Wednesday, December 10, 2008

Chipworks Reveals Omnivision Split Pixel Internals

Chipworks did a first round of analysis on Omnivision split pixel sensor back in April and kindly agreed to shed some light on the subject even though they haven't gone forward with a full analysis. Chipworks has posted a flyer based on the brief analysis, a custom landing page can be found here. (This page is temporary, so keep the pdf file, if you need it.)

The design is quite interesting. Each pixel has two photodiodes per each 6um pixel, as depicted below:

Each split pixel has dual microlens above, one per each photodiode (I think Visera spent many sleepless nights to optimize these oval lens shapes):

It looks to me that Omnivision used dual exposure technique to achieve its goal of 110db DR with this sensor.
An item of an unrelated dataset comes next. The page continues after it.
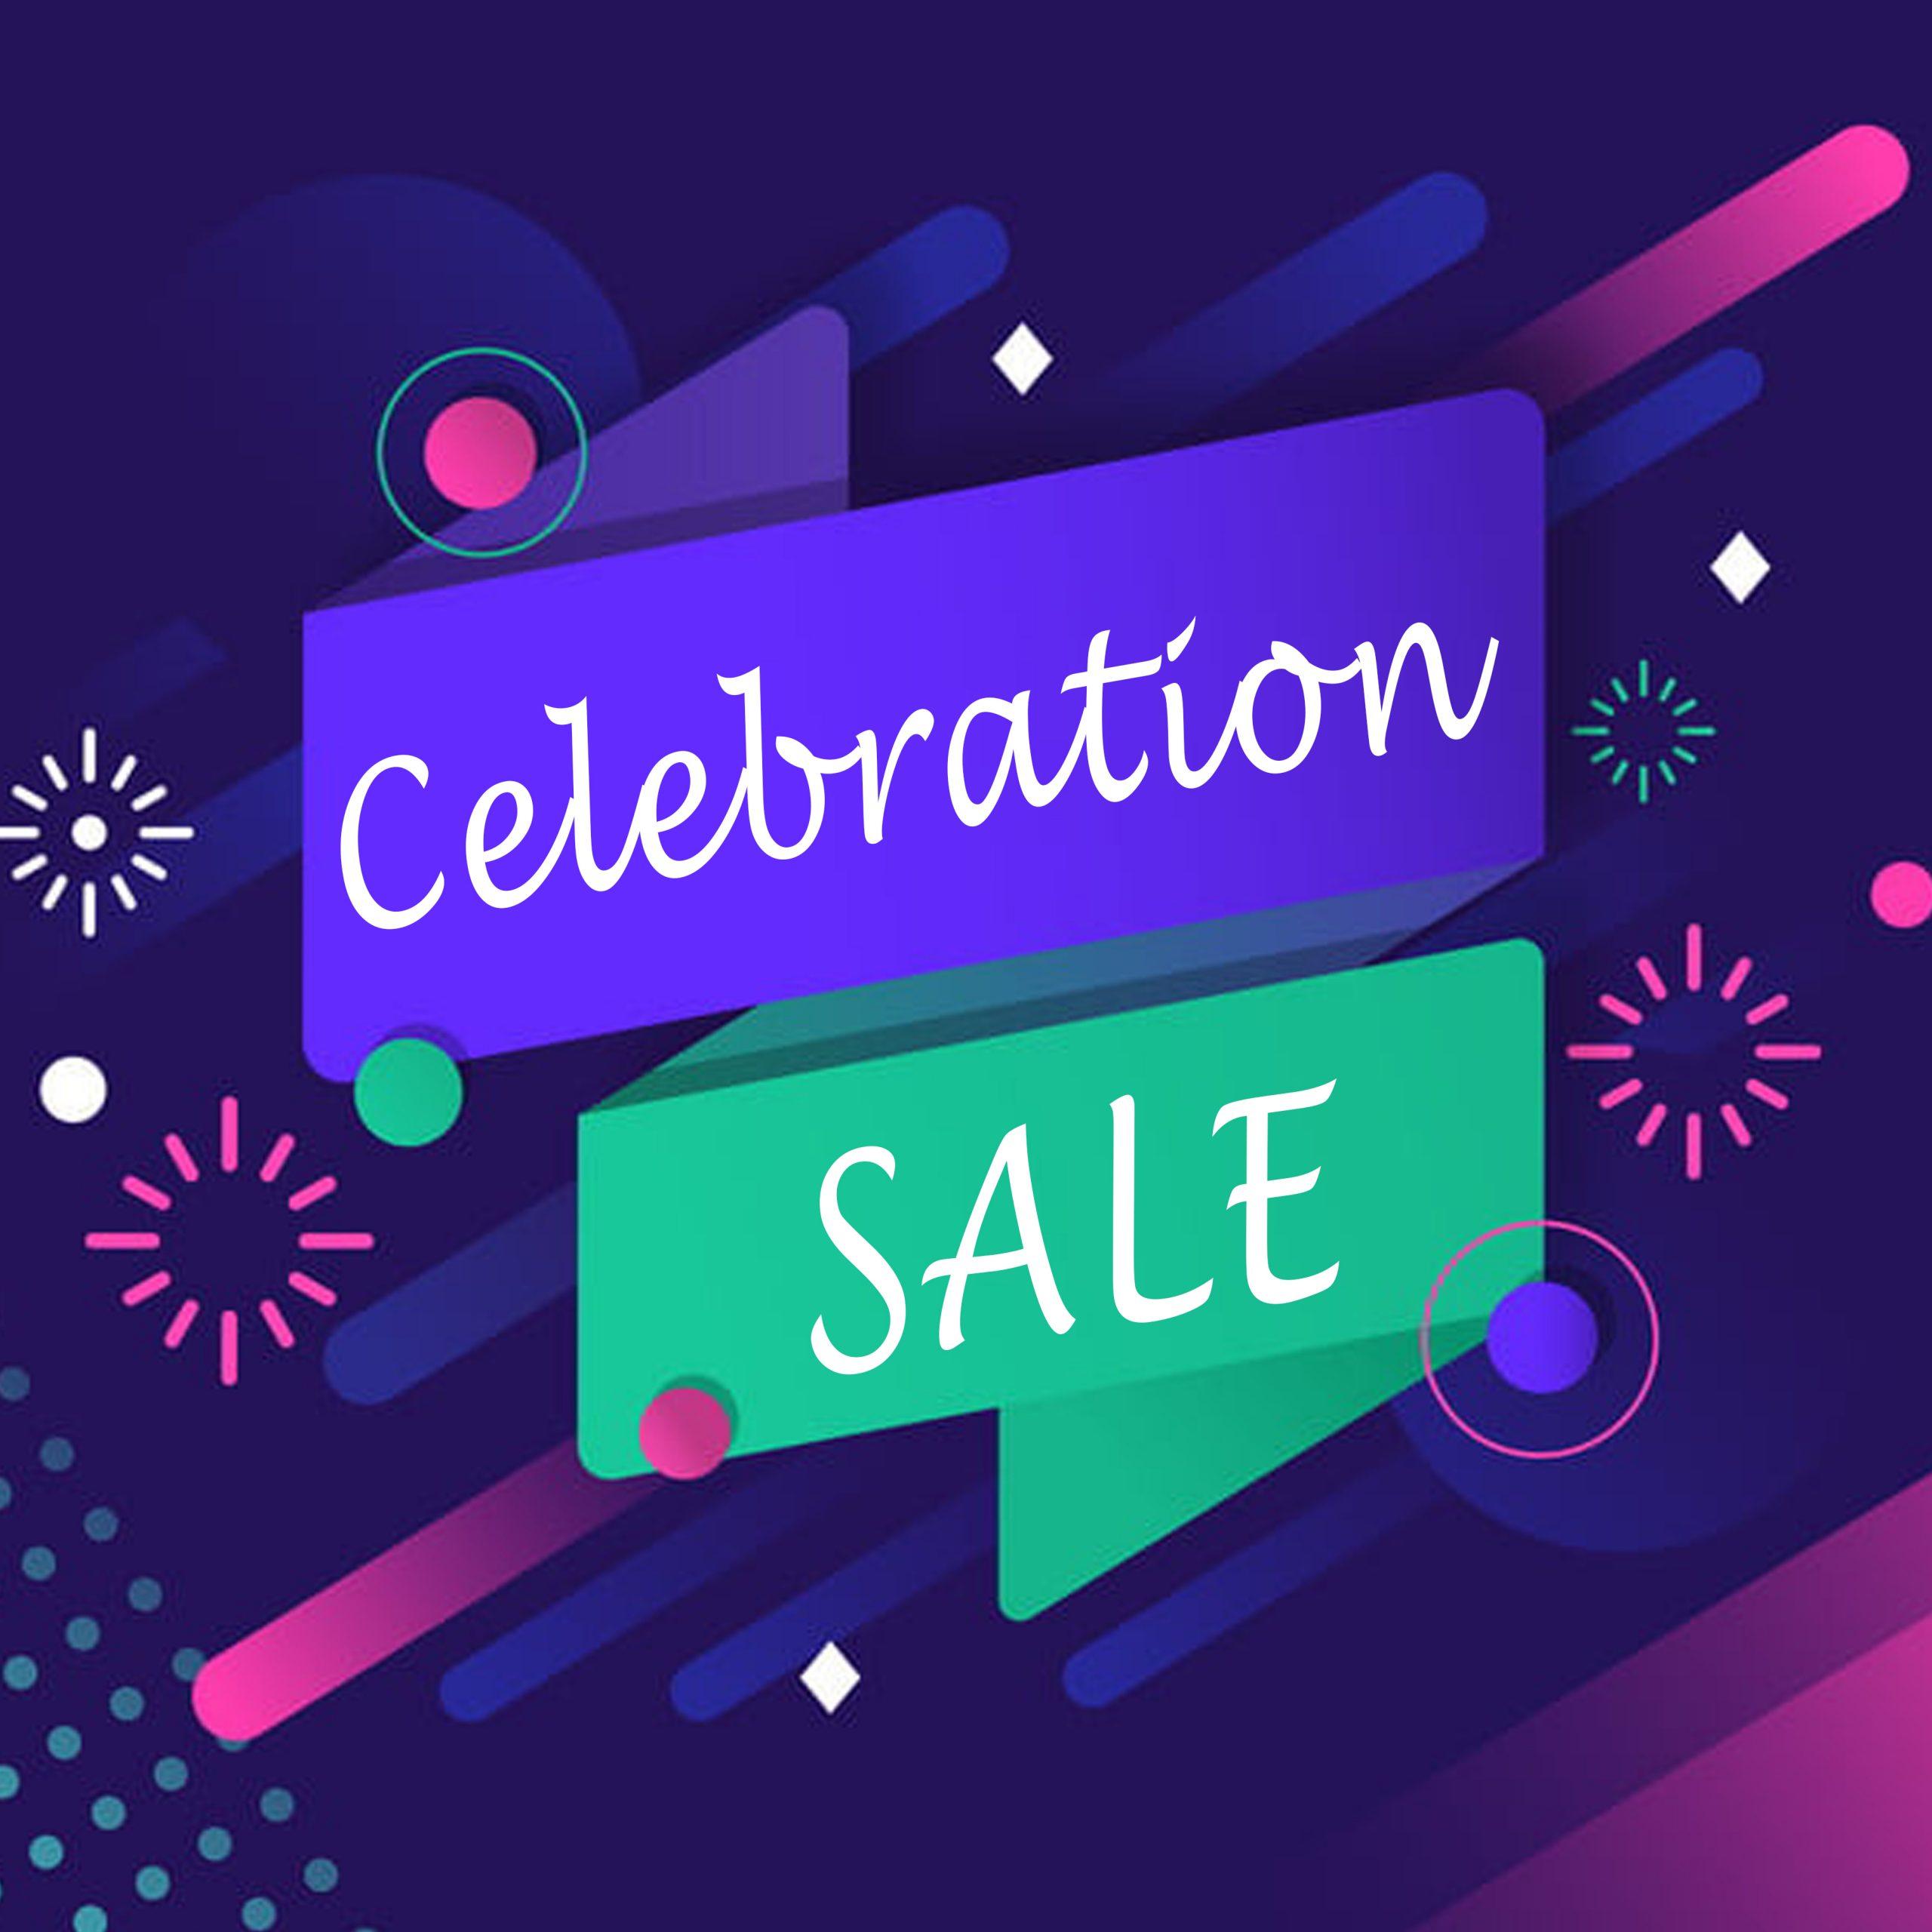 Celebration Sale!

Two interleaved rolling shutters can run across the array, where reset curtain is followed by two read curtains - short and long one. Then the two readouts are combined into a single HDR image. Obviously, there should a large memory to hold the intermediate frame results. The die photograph in Chipworks document supports this guess, showing a huge memory-dominated digital portion.

So, to me this looks like a dual exposure sensor with on-chip HDR reconstruction. Its main competition are Pixim digital pixel and Toshiba-like dual exposure pixels with charge skimming.

In principle Pixim can get better dynamic range, but I believe Omnivision 4T pixel is better in low light, especially if two photodiodes operate in normal mode, with same exposure on the two photodiodes.

Comparing it with Toshiba solution, I'm less sure about Omnivision advantages. Toshiba sensor might have some linearity artifacts when connecting short and long exposure ranges. Omnivision probably does not have this. However, Toshiba has an advantage in low-light sensitivity in HDR mode because Omnivision sensor effectively loses half of the light for the short exposured photodiode.

One question that bothers me though, is that the two photodiodes are spacially shifted relative each other. So, there might be some color artifacts when interpolating the edges on HDR picture. It's probably not something fundamental, but might take some effort to correct.

Many thanks to R.F. from Chipworks for providing this presentation!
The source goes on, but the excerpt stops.